Another hint: if you’re using long-running animations as I’m doing with the images (see below) be aware: if orientation changes the animation is stopped, so you have to freeze the orientation while animation is running or to save and restore the values.

To be a good citizen in Portrait and Landscape isn’t always an easy job for your app – I will go into the details at my trainings.

ApplicationMenu

Swipe down from the top bezel and there should be your ApplicationMenu.
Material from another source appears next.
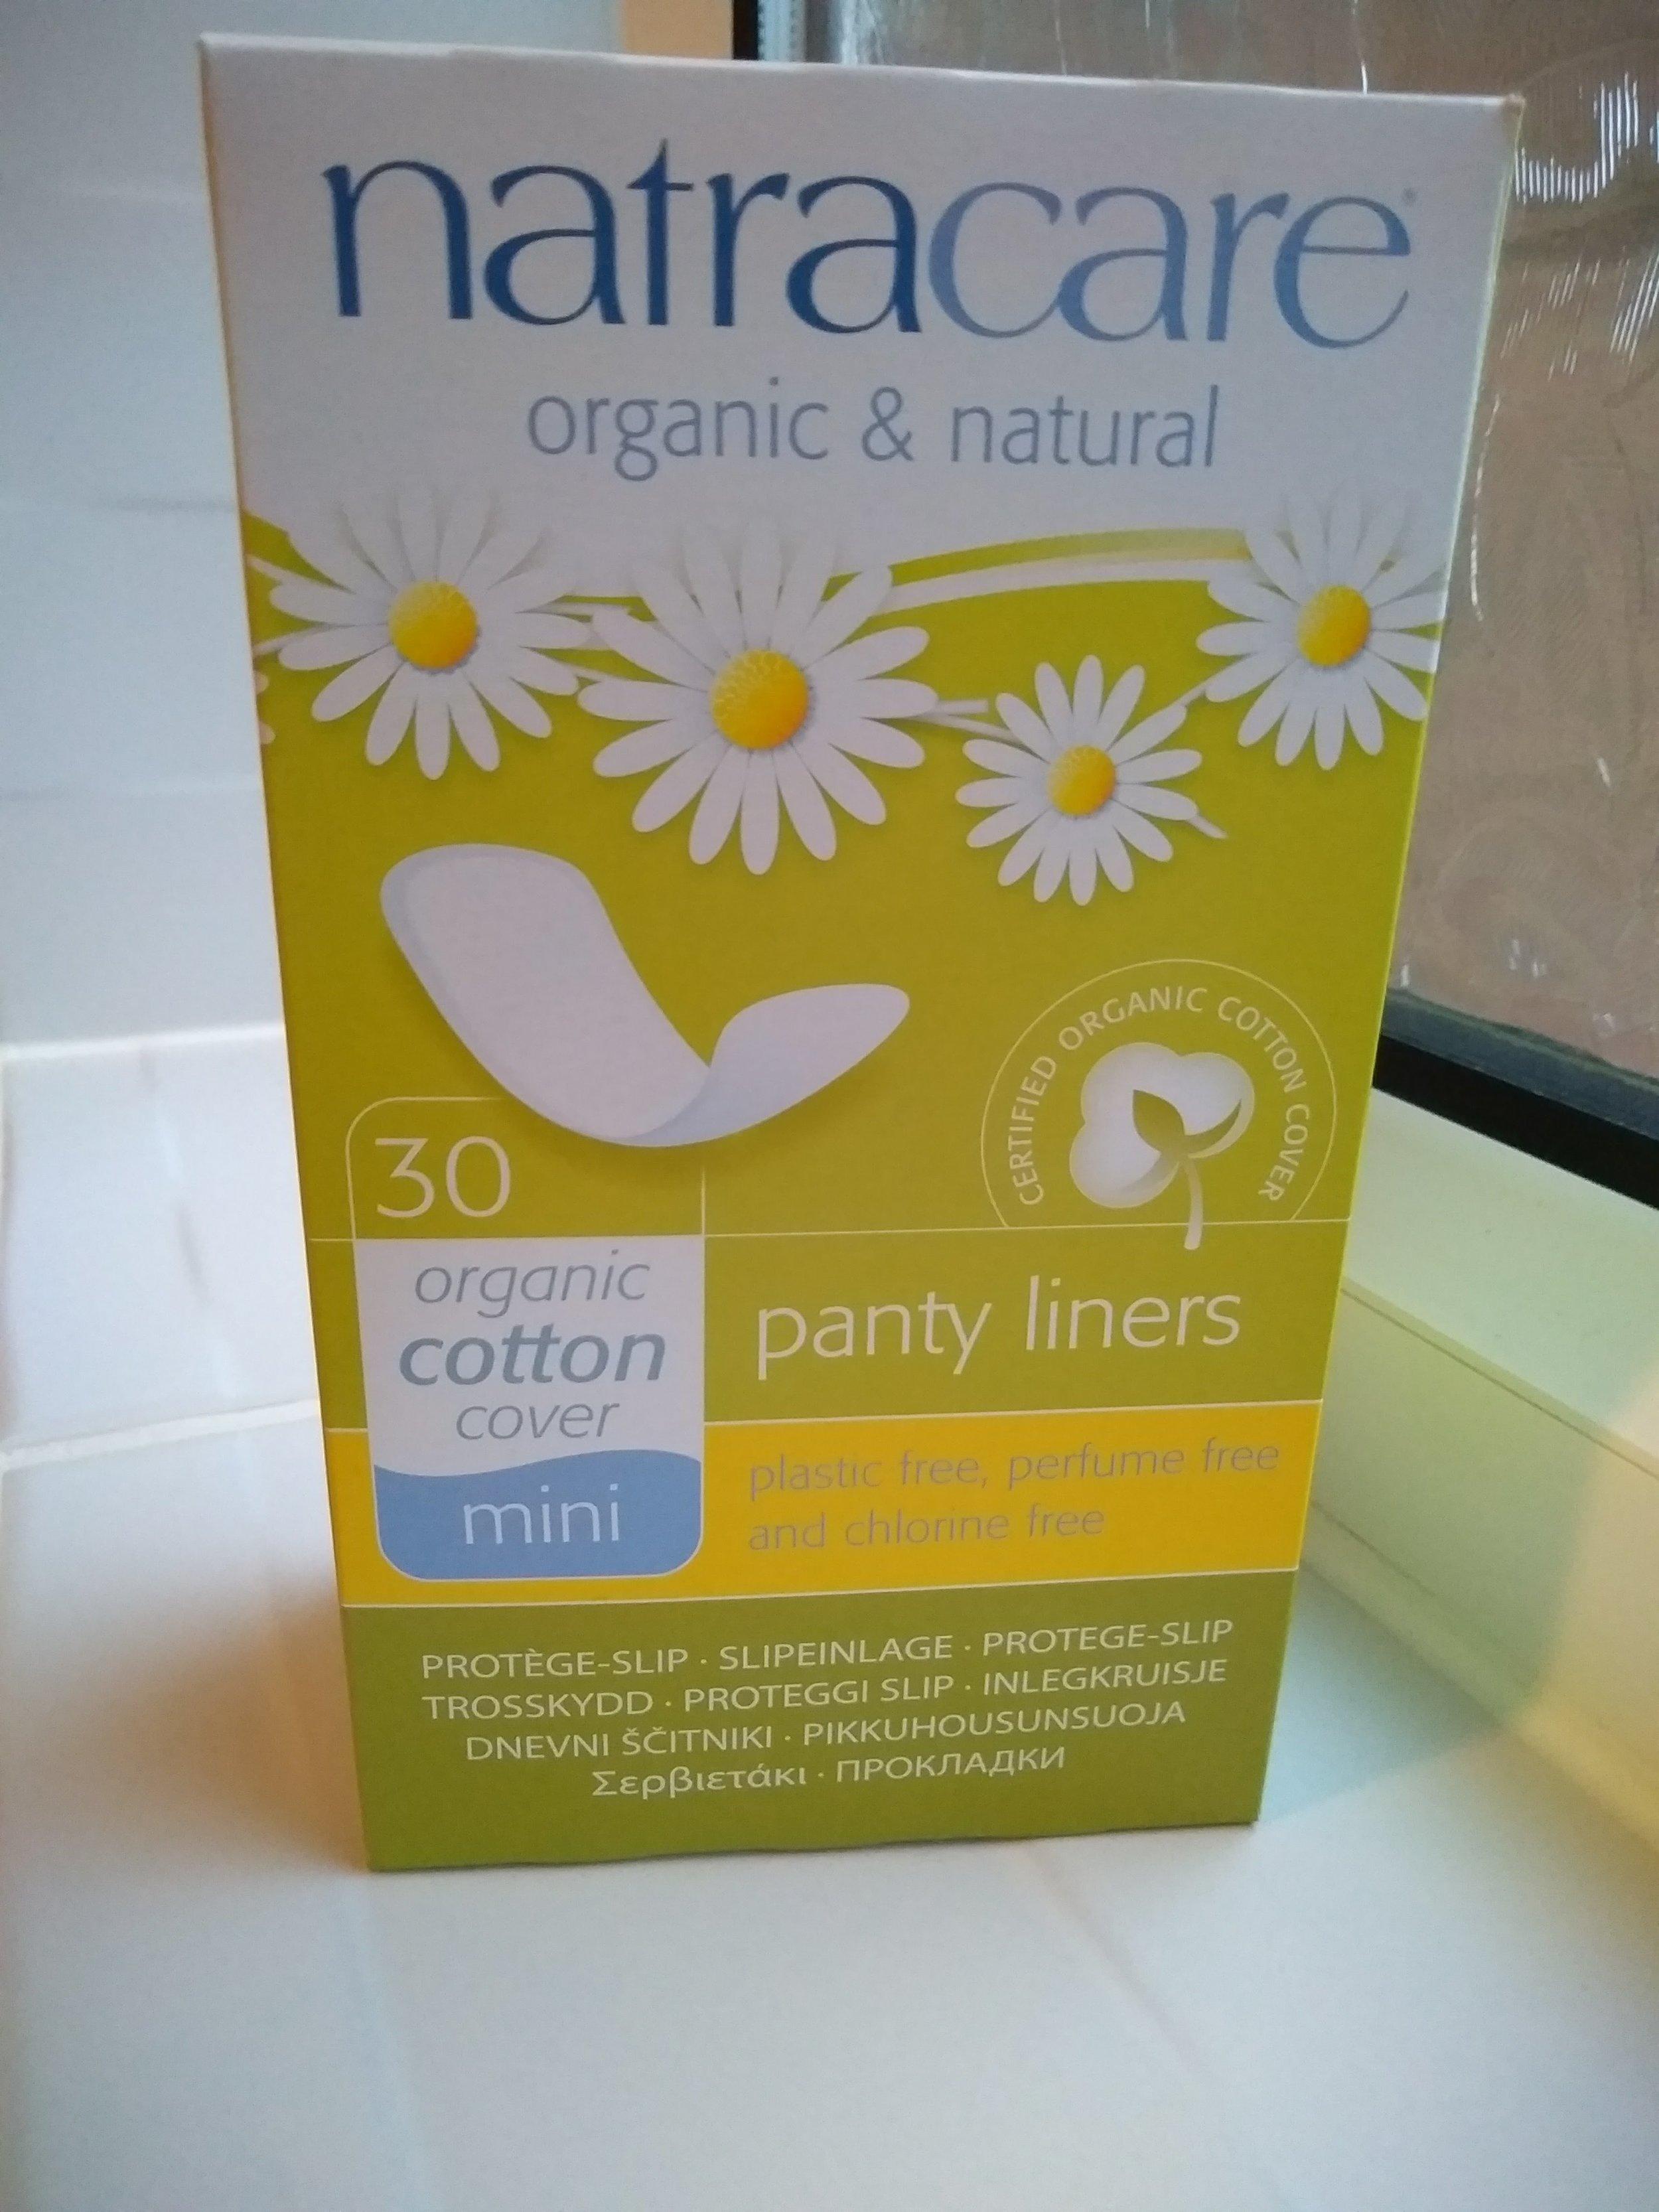 Plastic-free sanitary pads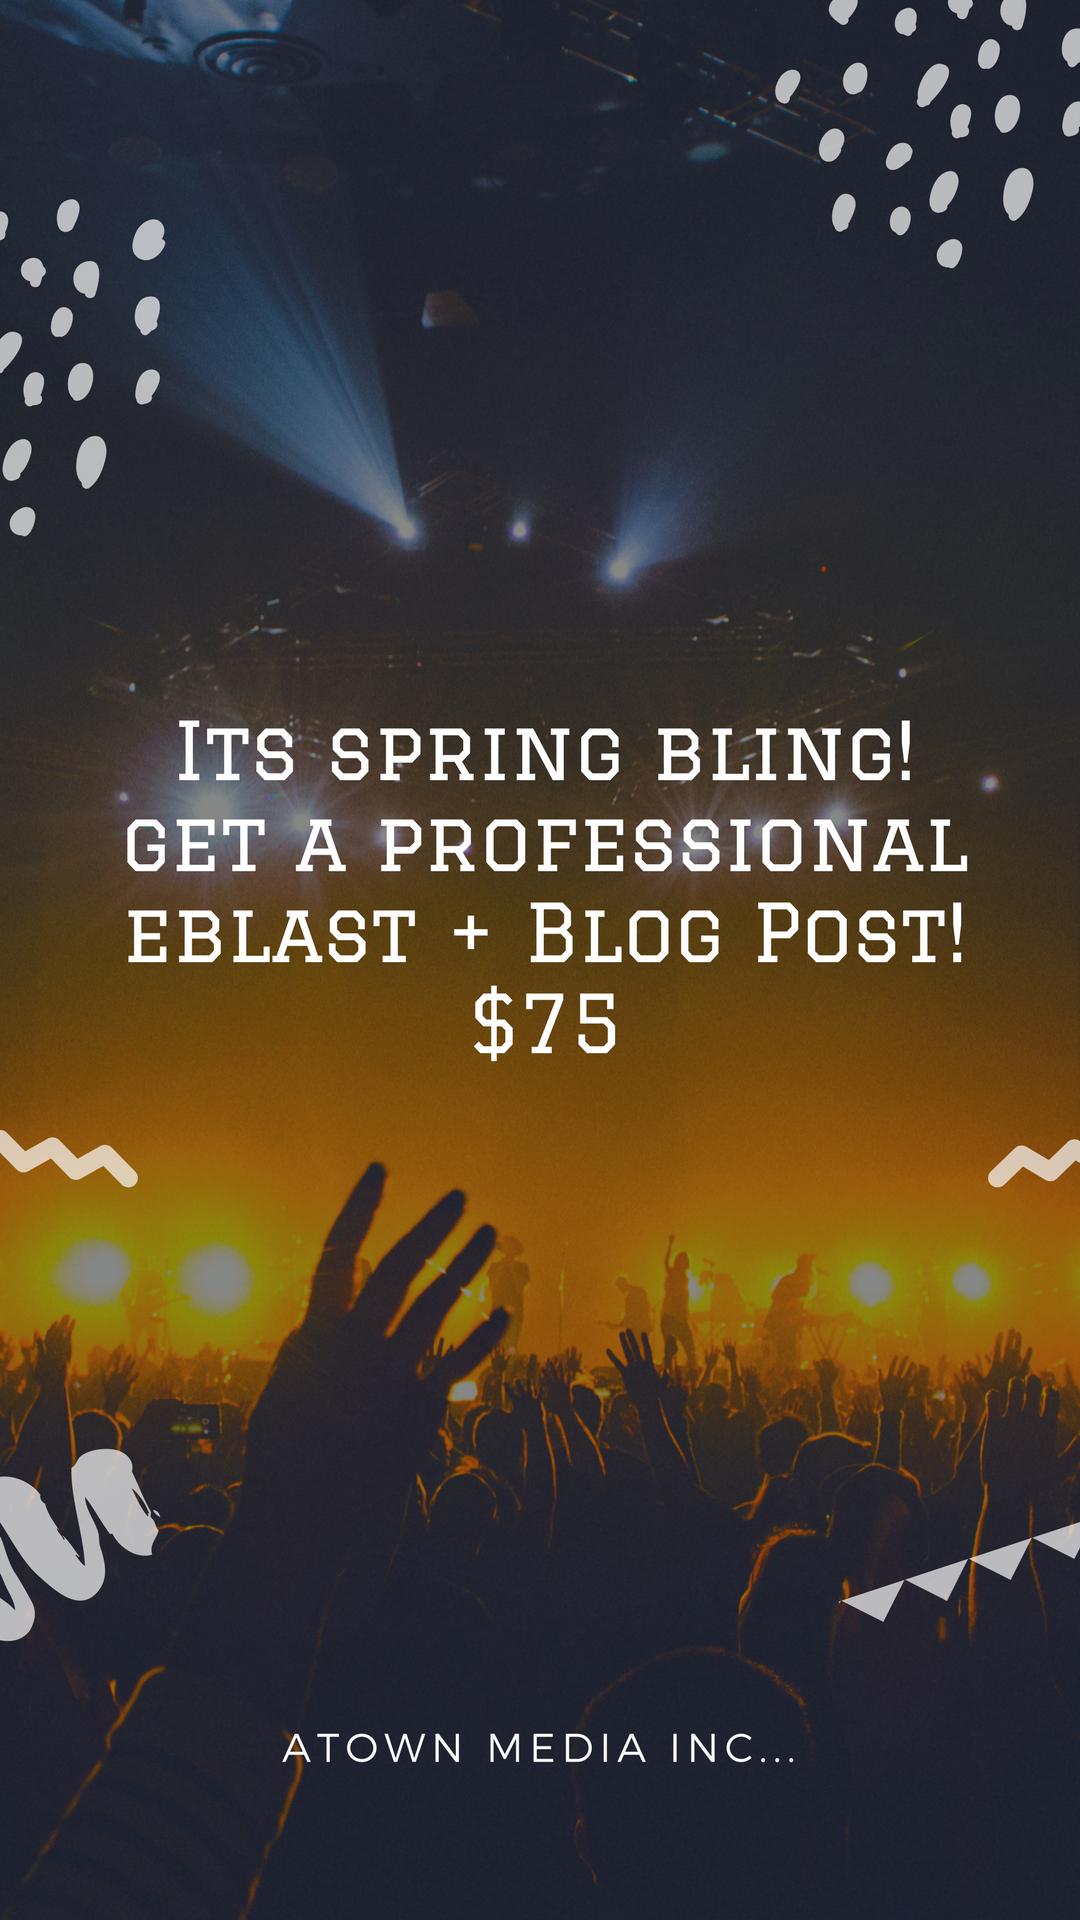 50% OFF Your Favorite Promo! Eblast | Blogs| Dj Service Pack

Place Help, Settings or seldom used functionality there.

ekkes teaTimer added to the ApplicationMenu:

  • Help
  • About
  • List of Teas
  • Settings

TeaTimer AppMenu

Don’t forget: if you open a Menu from ApplicationMenu you have to disable this Menu or the complete ApplicationMenu until the User goes back !

Implementing these Menus I used some different technologies:

  • Help gives the user access to a Video (using InvocationFramework – MediaPlayer)
  • About opens a website (using Cascades WebView)
  • List of Teas is a ListView with a JSON datasource bound to a GroupDataModel
  • Settings are stored using QSettings. AccountService was used to select default Notebook. InvocationFramework was used
    • forFourSquare OAuth
    • to give easy Access to Notifications – Settings

MediaPlayer (through InvocationFramework)

Invoking the MediaPlayer is easy done. (You already found examples on this in my Open Source Github project at BlackBerry ‘OpenDataSpace‘.

void ApplicationUI::invokeBoundMediaPlayer(const QString& uri) {
	mUsecase = Usecase::MediaPlayer;
	InvokeRequest cardRequest;
	if (uri.startsWith('/')) {
		cardRequest.setUri("file://" + uri);
	} else {
		cardRequest.setUri(uri);
	}
	cardRequest.setTarget("sys.mediaplayer.previewer");
	mInvokeManager->invoke(cardRequest);
}

Using the InvocationFramework the user doesn’t know that you’re calling another APP – it’s integrated into the TeaTimer and you can “peek back” or Go Back by a tap:
teatimer-help-mediaplayer

I created this Video to explain the APP to the user. Of course before starting the MediaPlayer rthe user gets the info that the Video will be played from Internet, so he/she can cancel to avoid traffic.

WebView (About…)

To include a site from the web you simply use a WebView. Put this WebView inside a ScrollView where scrolling in both directions is enabled, also enable PinchToZoom. There are some signals like onLoadProgressChanged(), where you easy can ad an ActivityIndicator to show the progress while the Page was loading.

The WebPage is seamless integrated into the app now – no use of a Browser:

WebView

List of Teas (JSON, GroupDataModel, ListView)

Some more infos HowTo provide data see below. Here’s how the ListView is looking:

List of Teas

In most cases I’m not using standard ListItems, because it’s easy to create custom ListItems. In this case we have an Image, Description and BrewingTime. One Tea can be marked as your favorite Tea – in this sample ‘Assam’ wher you see the Image with the CheckMark. You can now Add, Delete or Edit entries. If you tap on one Item you get this Page with the details:

List item details

There’s a TextField for the description, a switch (ToggleButton) to select you favorite Tea and a DateTime Picker to set the brewing time. If you change the value of the Switch, the Images right beside the Switch will also be changed automatically.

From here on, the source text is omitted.